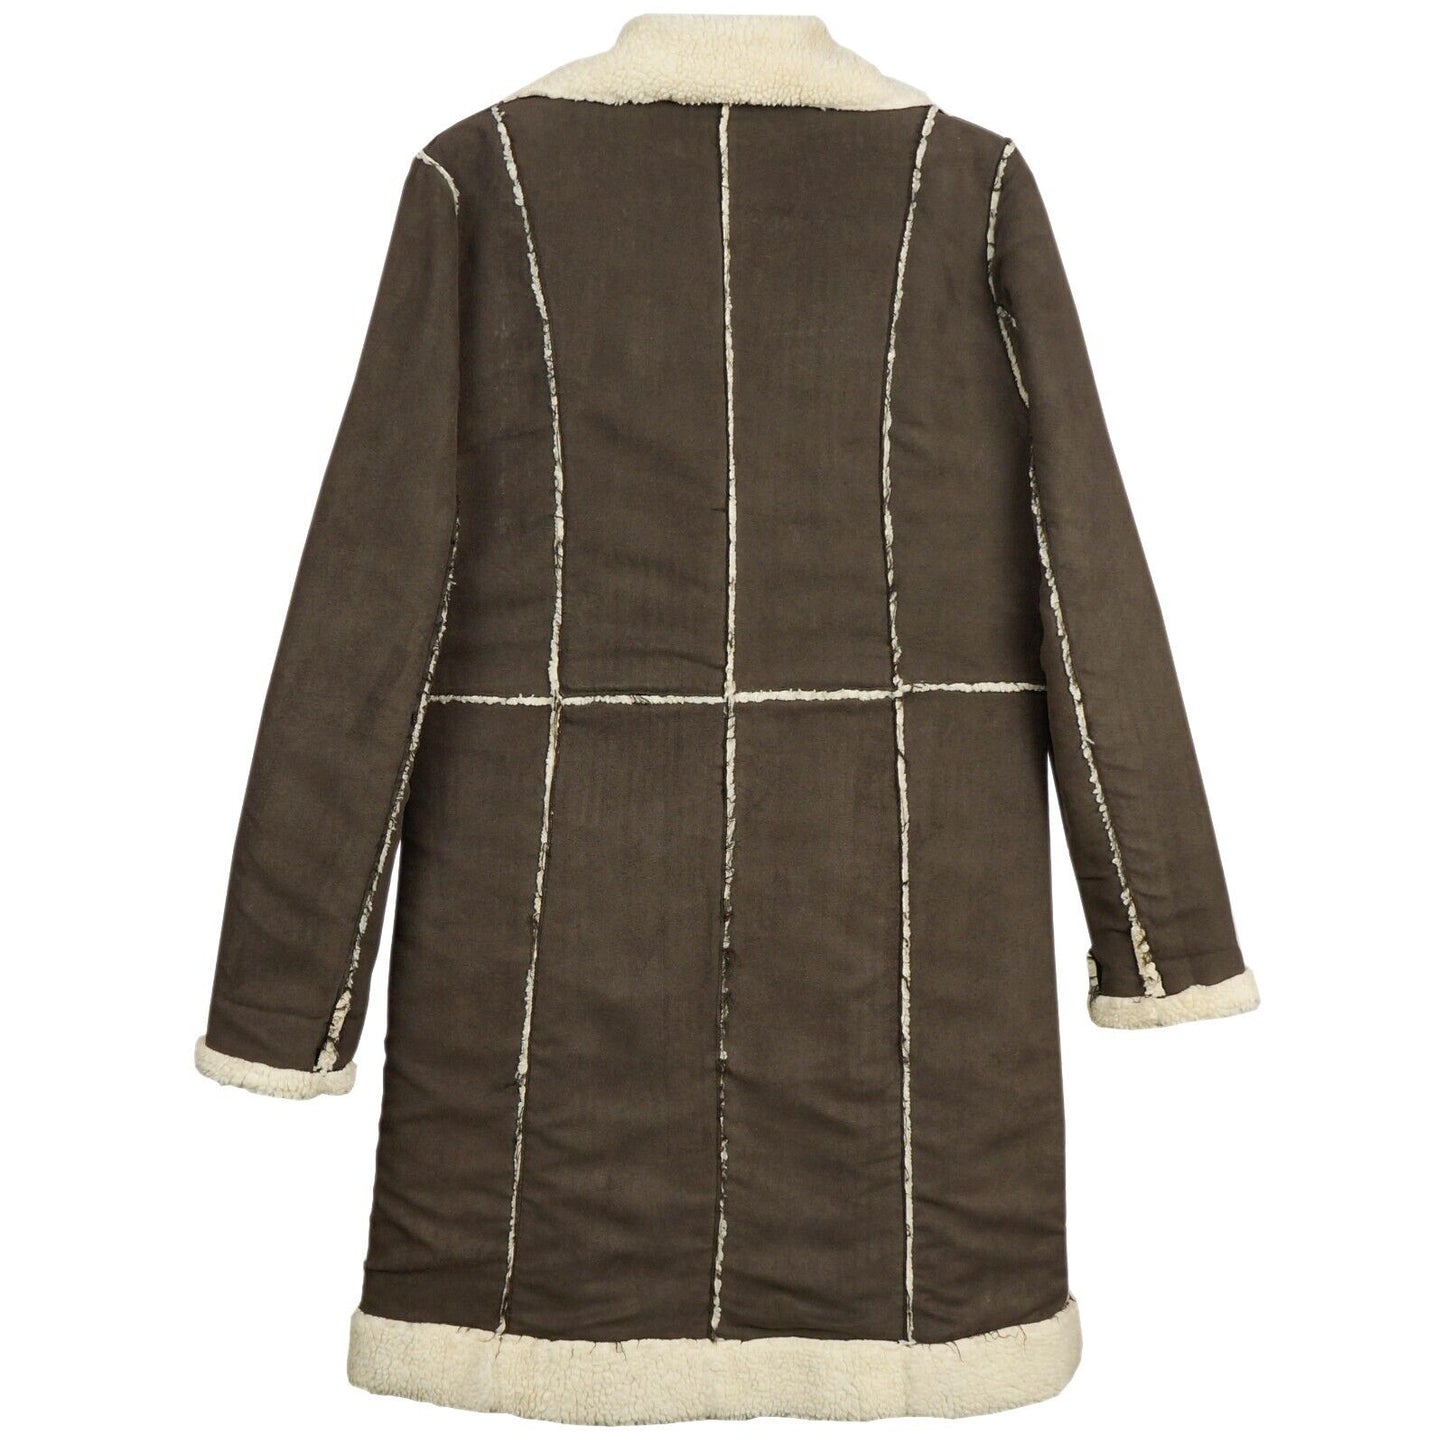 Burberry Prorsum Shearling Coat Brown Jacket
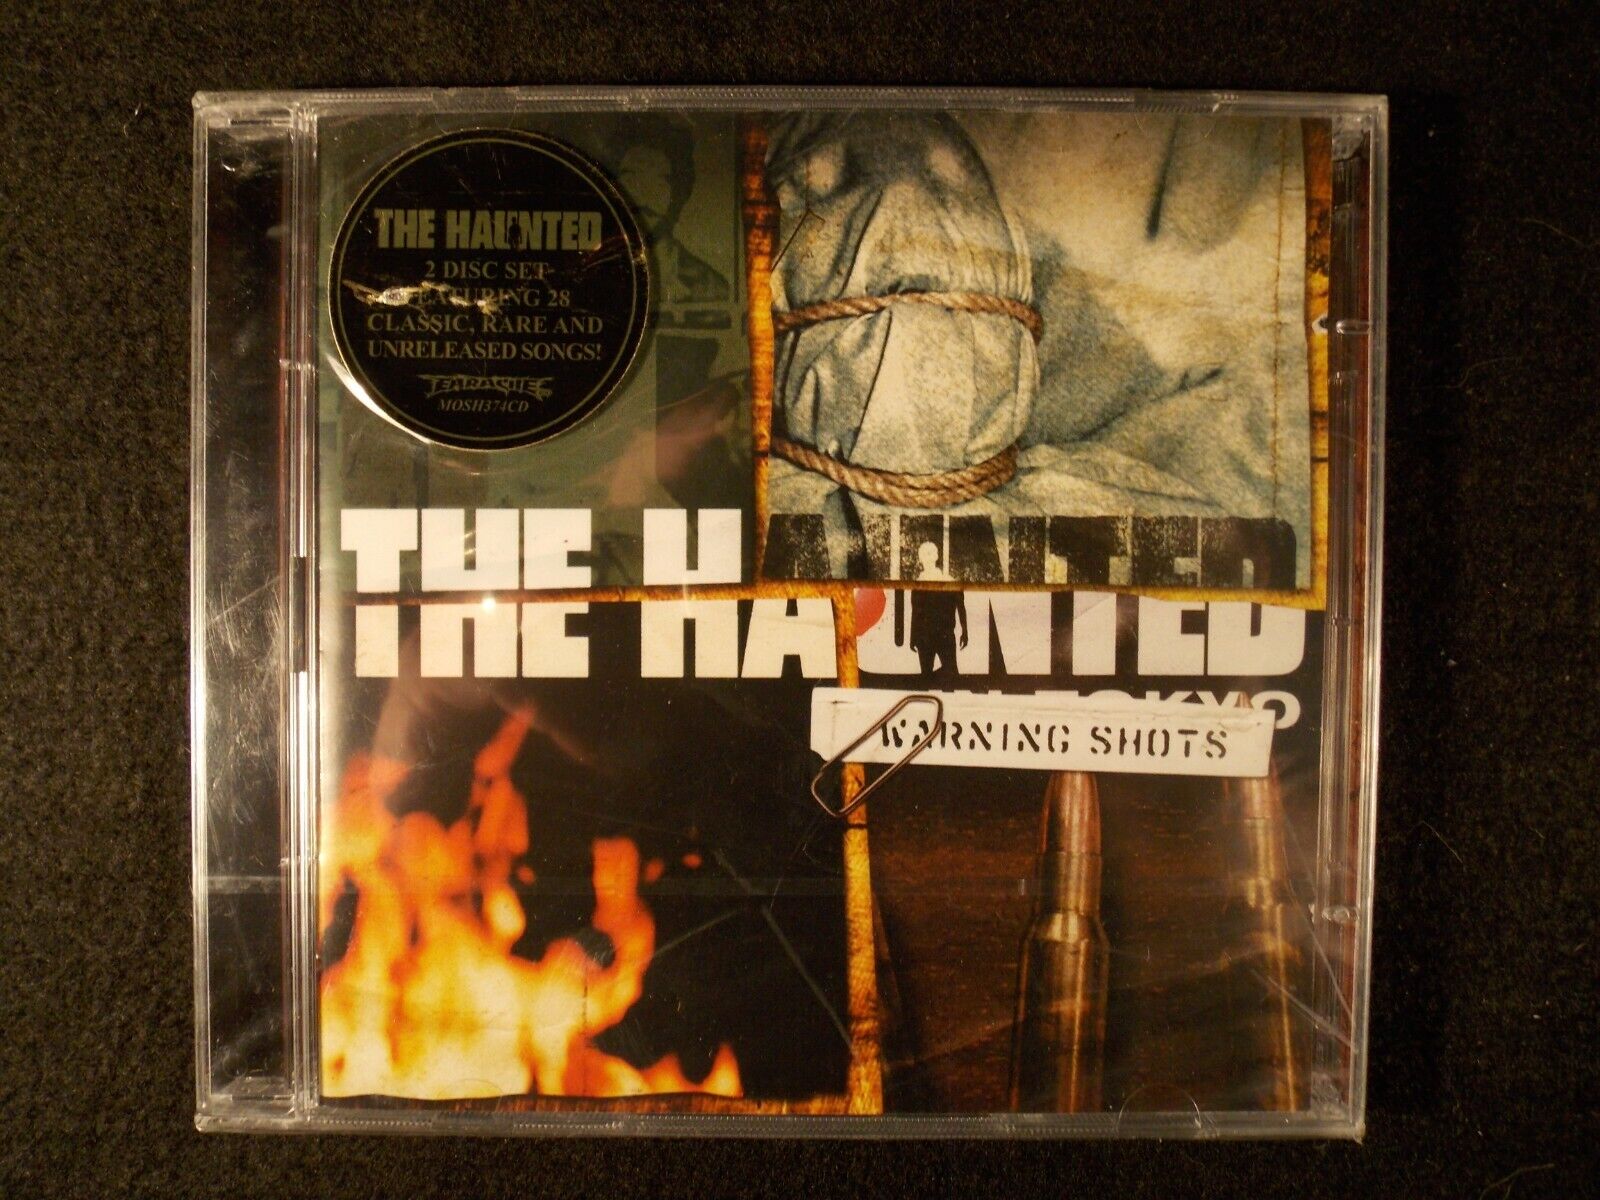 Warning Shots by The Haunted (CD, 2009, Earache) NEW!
--
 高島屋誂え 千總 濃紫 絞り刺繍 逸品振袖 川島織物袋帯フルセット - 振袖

# Problem
With pictures excluded, reproduce exactly the lines above from the one containing "Burberry Prorsum Shearling Coat Brown Jacket" down to the one containing "Warning Shots by", those two included.

# Answer section
 Burberry Prorsum Shearling Coat Brown Jacket
 Warning Shots by The Haunted (CD, 2009, Earache) NEW!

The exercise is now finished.